CERNOBBIO, Italy (Reuters) – Hungarian Prime Minister Viktor Orban hailed his close relationship with Italian counterpart Giorgia Meloni on Friday, describing her as his “Christian sister”, and said cultural identity was playing a growing role in European politics.
Meloni, who has been in power since 2022 at helm of a right-wing coalition, joined a post-Fascist party in her youth, but now governs as a national conservative.
“She is not just a colleague of (mine), she is a Christian sister of mine,” Orban told journalists on the sidelines of the TEHA economic forum in Cernobbio, northern Italy.
Sharing cultural roots previously “did not play a lot of a role in European politics, but now we are approaching a new era,” the Hungarian leader added.

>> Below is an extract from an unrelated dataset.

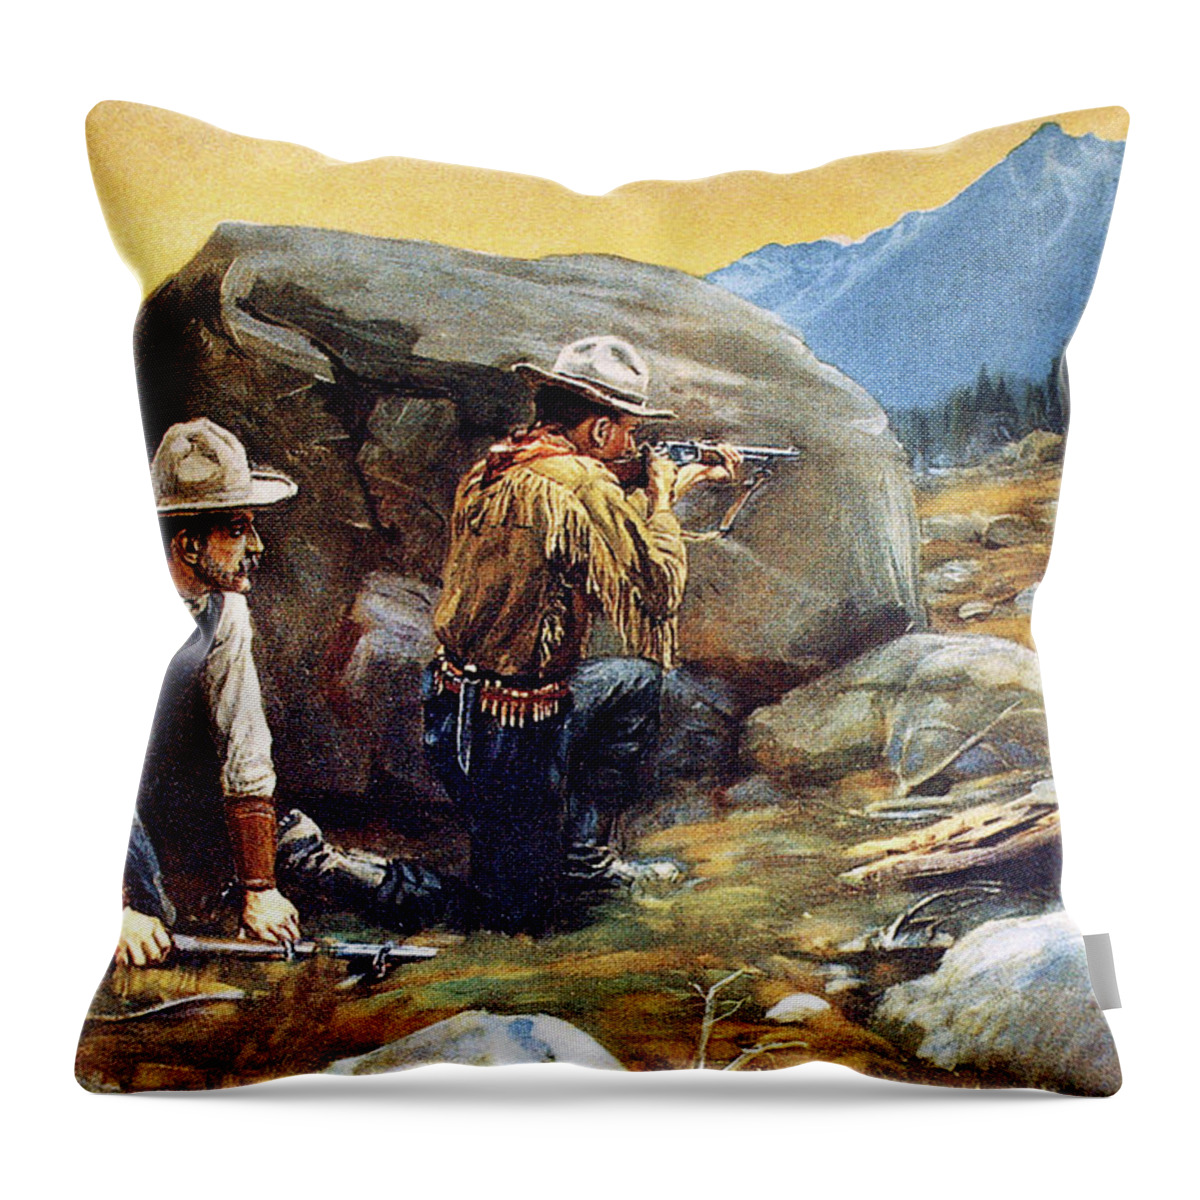 Outdoor Throw Pillow featuring the painting A Safe Shot by Philip R Goodwin

Before winning power, Meloni famously described herself in a speech as “I am a woman, I am a mother, I am Italian, I am a Christian, and you can’t take that away from me”.
She and Orban see eye to eye on a range of issues, including on the need for tougher immigration policies and defending traditional family values against what they call the LGBT lobby.
Orban has cast himself as a defender of Hungary’s cultural identity against Muslim immigration and a protector of Christian values against Western liberalism.
Meloni, however, is a staunch defender of Ukraine, while Orban is the European Union leader most criticalof the bloc’s support for Kyiv’s war against its Russian invader.